Tuesday, 14 September 2010

The investigation into the current outbreak of Salmonella Typhimurium DT8 linked with the consumption of duck eggs is ongoing, with five new cases in August.  This brings the total number of confirmed cases to date to 24 and it is now the largest food poisoning outbreak of salmonellosis recorded in recent years in Ireland.  In light of this, the Food Safety Authority of Ireland (FSAI) today reiterated its advice on the safe consumption of duck eggs.  The people infected have ranged from 5 months to 80 years of age.  The latest cases tend to be linked with the consumption of duck eggs from small backyard flocks / private farms.  The confirmed cases are nationwide.  Hens eggs are not implicated in this outbreak.

The FSAI advises to only consume duck eggs that have been thoroughly cooked and to cease using raw duck eggs in any dishes that will not be cooked thoroughly prior to eating.  It also cautions on the importance of good hygiene practices being followed, such as washing hands and preparation surfaces after handling or using duck eggs. 

    “We are advising caterers, retailers and consumers to treat duck eggs in the same way as they would raw chicken.  We all know that we should never eat raw chicken.  This is a risk that is well understood by everyone, both in term of ensuring it is cooked thoroughly and also by maintaining good hygiene practices, thereby preventing cross contamination between raw food and ready-to-eat food.  However, people may have forgotten that duck eggs have been associated with Salmonella in the past and therefore, are not taking the correct precautions today.  The fact that the outbreak is ongoing, underlines the huge importance attached to maintaining stringent hygiene practices when handling raw duck eggs.  Even when duck eggs look clean, they may still have Salmonellae on the outside of the shell and sometimes carry it on the inside of the egg,” said Prof Alan Reilly, Chief Executive, FSAI.  

    “The symptoms of Salmonella Typhimurium DT8 infection vary from mild discomfort due to vomiting and diarrhoea, to life threatening illness.
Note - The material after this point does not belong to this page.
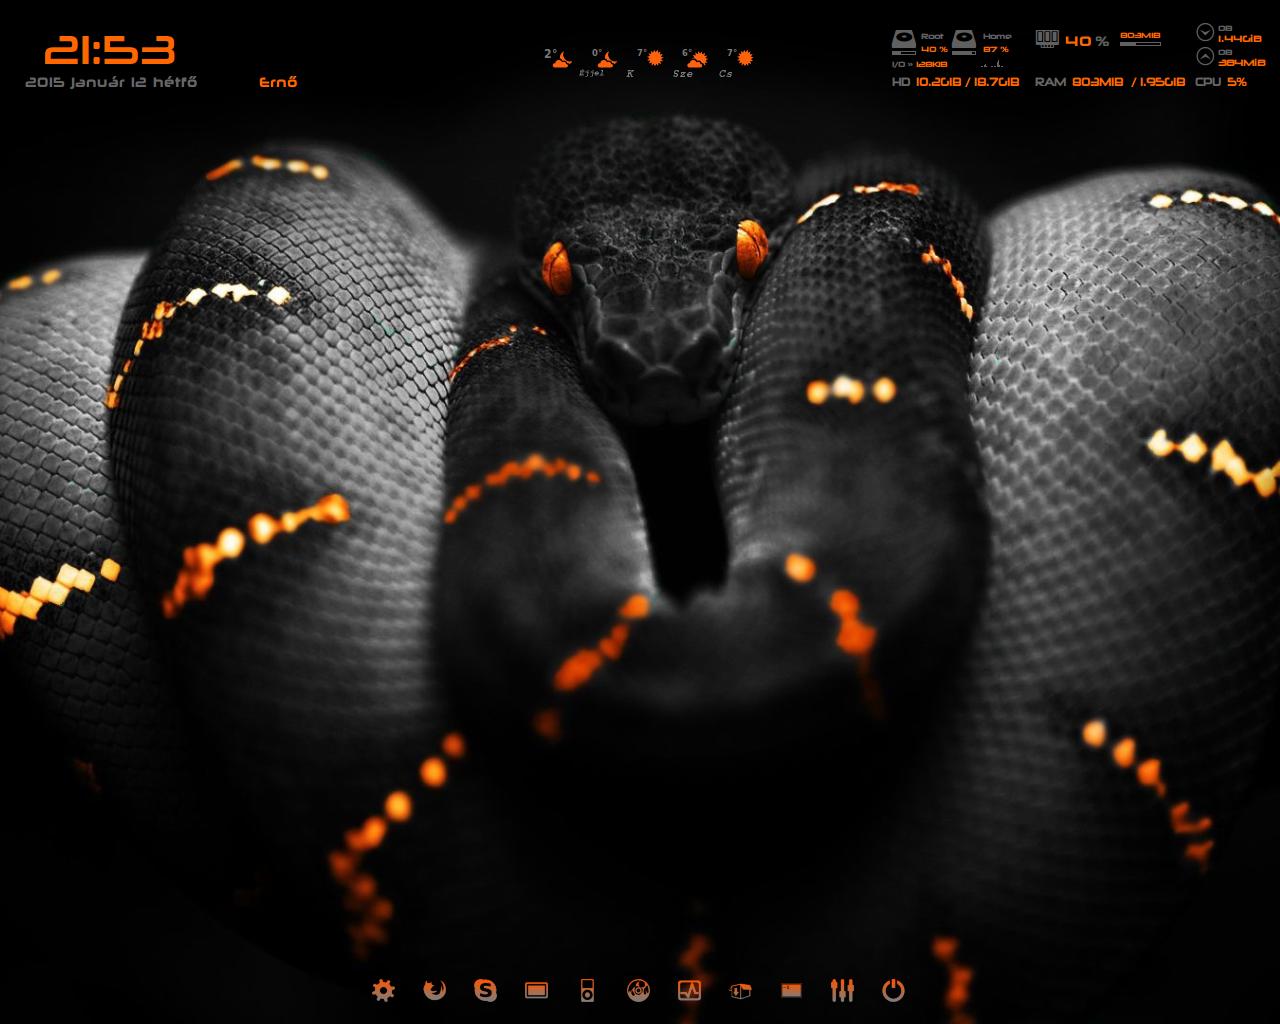 fc05.deviantart.net/fs71/f/2015/012/3/c/snake_attack_by_lathronos-d8dmz1u.png
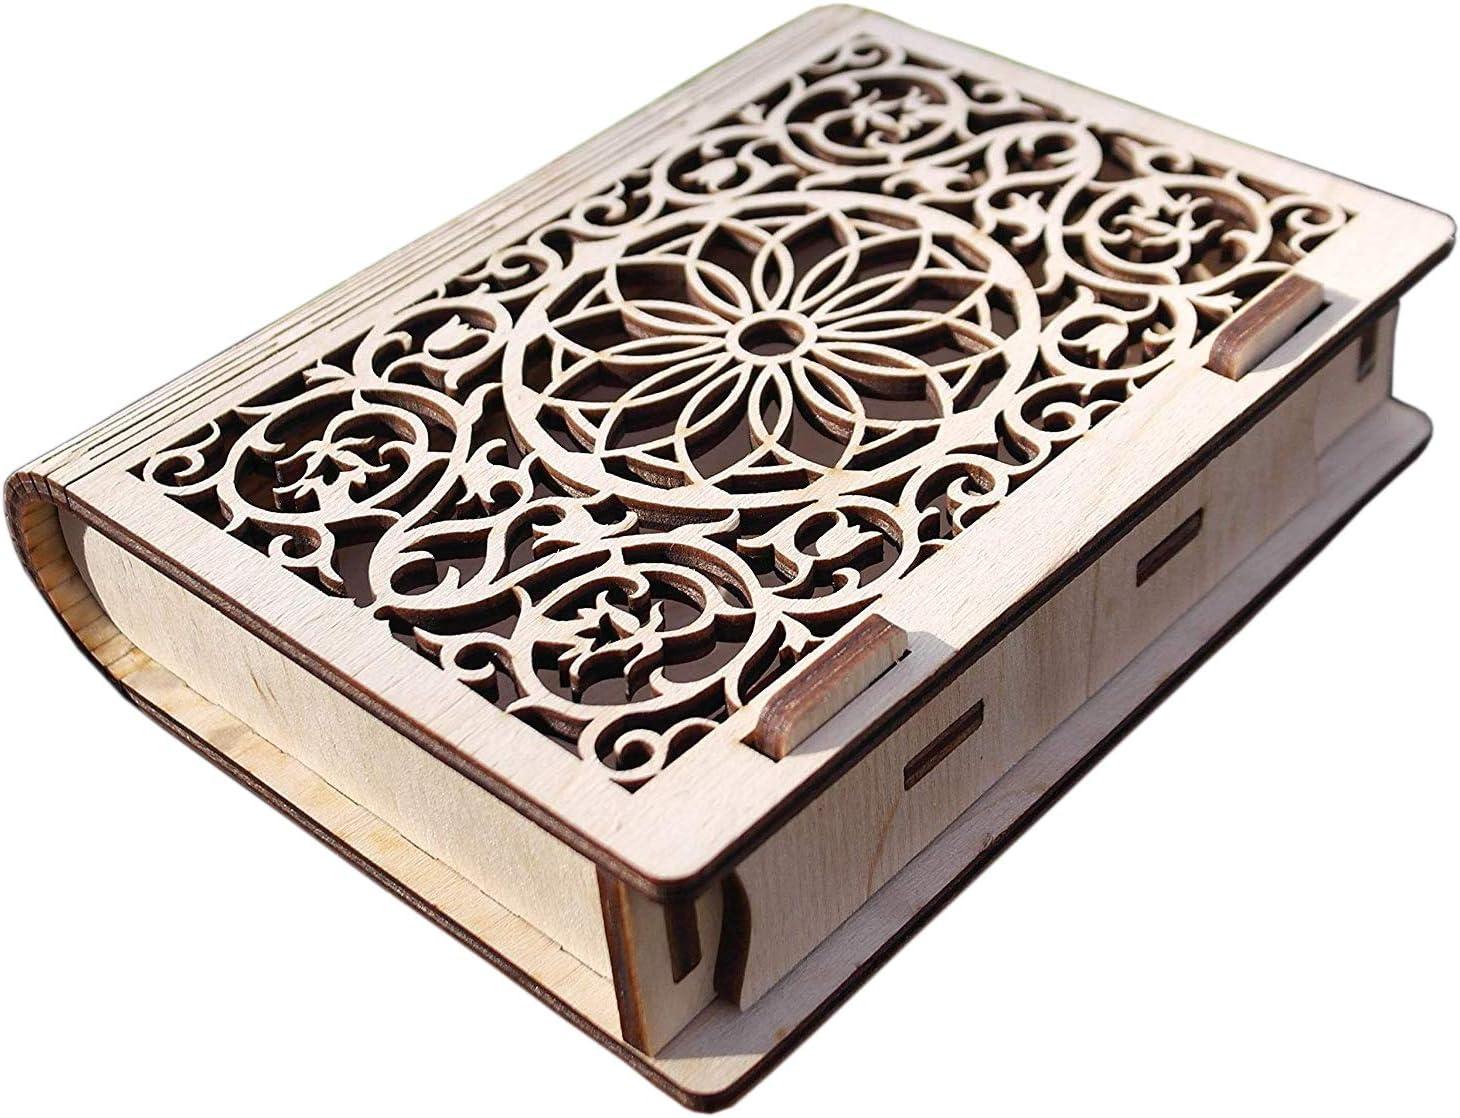 Wooden Jewelry Book Box

Infants, pregnant women, the frail elderly and the sick are most at risk from food poisoning.  Anyone who may have these symptoms and suspects it may have been from recently eating duck eggs should contact their doctor for advice,” continued Prof Reilly.

The FSAI is working in collaboration with the Department of Agriculture, Fisheries and Food on control measures for commercial flocks and also smaller backyard flocks on private farms.  A code of practice has been published for commercial flock owners and also guidelines have been published for producers of small quantities of duck eggs – backyard flocks.  Work is also underway by Bord Bia to develop a new quality assurance scheme to ensure a safe source of duck eggs in the future.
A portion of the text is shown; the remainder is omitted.